In professional wrestling, comic books came to life. Acrobats made a cause out of Insanity. Insane Clowns Posse exemplify our pro wrestling national augmentality. Edge of suburbia, white flight city dwellers desire and cherish blood sport. The sport of blood has developed NERO-ian dirty boxing face of chain link and Jack's Links. Barefoot and bare knuckled, almost Coloseum gigantic due to TV audience, and wearing garb from their Dojo's, MMA participants are amazing athletes.
Brock Lesnar started in the pro wrestling arena tossing around Hulk Hogan. He has now conquered and captured the image of UFC MMA. See the pro wrestler tiny togs, Speedo tighties, that come with pounding Hogan into canvas in pro wrestling on Brock?

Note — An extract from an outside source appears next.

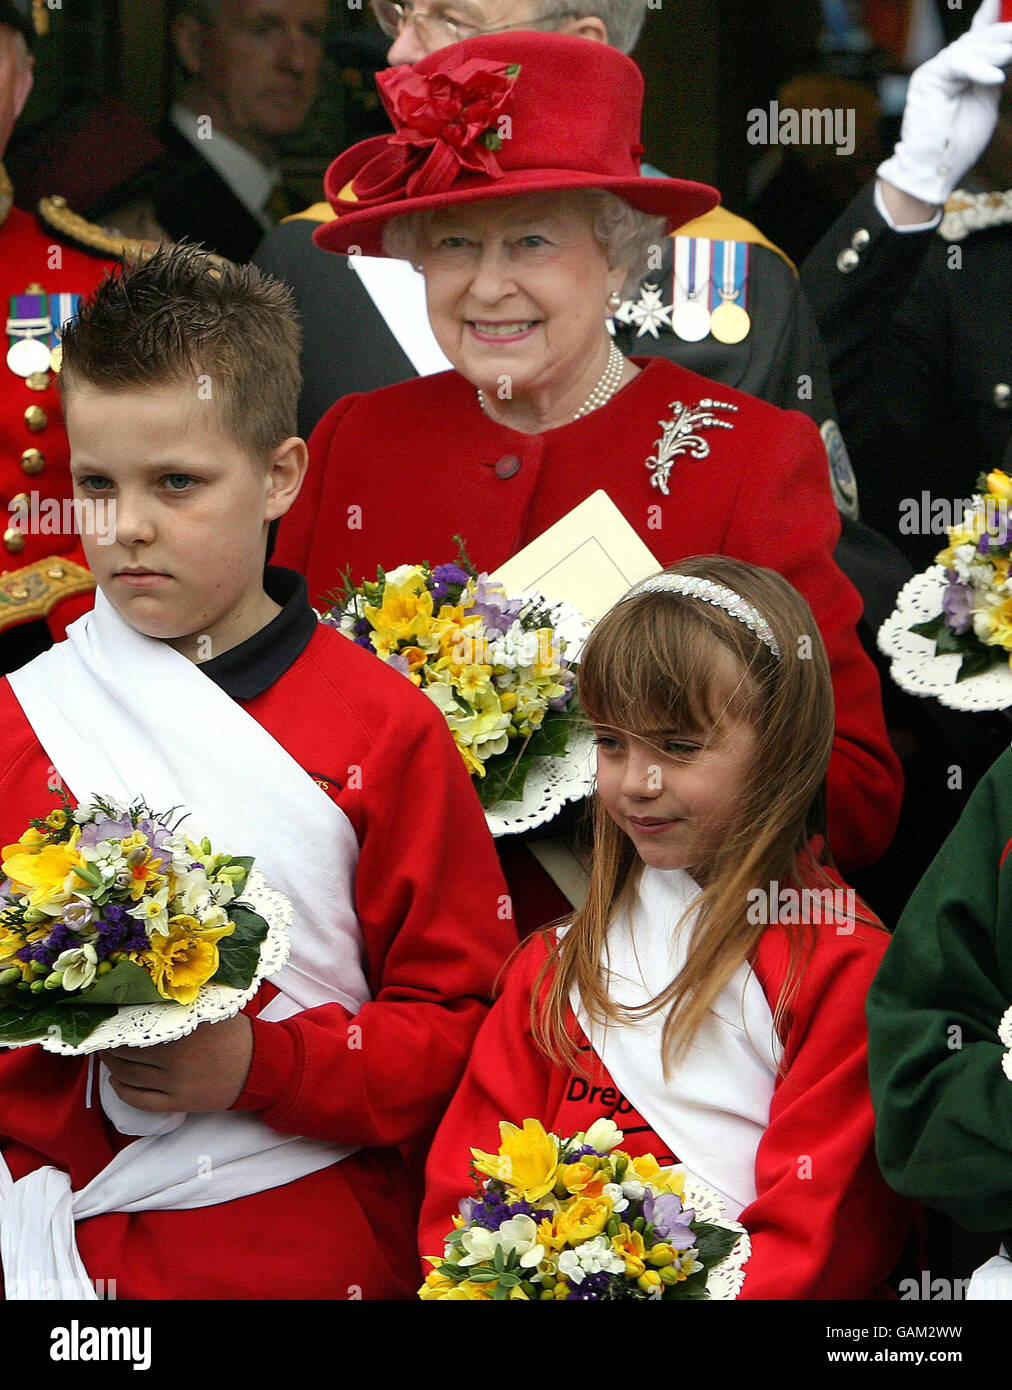 Die Königin posiert für ein offizielles Bild vor der St. Patrick's Cathedral in Armagh City, Nordirland, nach dem traditionellen Maundy Service, wo sie heute 82 Männern und 82 Frauen Maundy Money überreichte. Stockfoto

I think, Joe Rogan might have been the crusader of this phenom, as the mouth of blood sport. But nevertheless, right there on the Brock's thigh is Jack's Links Brand. These little bits of beef jerky were demo'd throughout Wal-mart-dom about the time Brock went to war with Randy Coutre, former heavy weight champ MMA. Beautiful people got a free cup of tasty Jack Links beef and got to watch Brock hammer fist Coutre into the mat. And while that Aryan fist beat his elder's face -- we all could see that Jack Links made him do it ... it's printed on his shorts.
1 comment:
Hi Jeff of CupHolderguy Handle:
This article has the word "cupholder" in it, yes; and I suspect you found us through that. That amuses us to no end. After one of us takes a look at your site we will put it in our blog lists in our sidebar. Sorry, though we rarely advertise.
This blog is about good news, old news, fiction -- designed for helping writers with wakeup. We are writers' writers bent on helping others to "get started."
Consider it like a magazine in a waiting room at the Dentist office. Imagine reading an article, and thinking wow, I didn't know that. That bit of reading gets a writer's juices flowing. No? Yes that is an ambitious claim for anyone.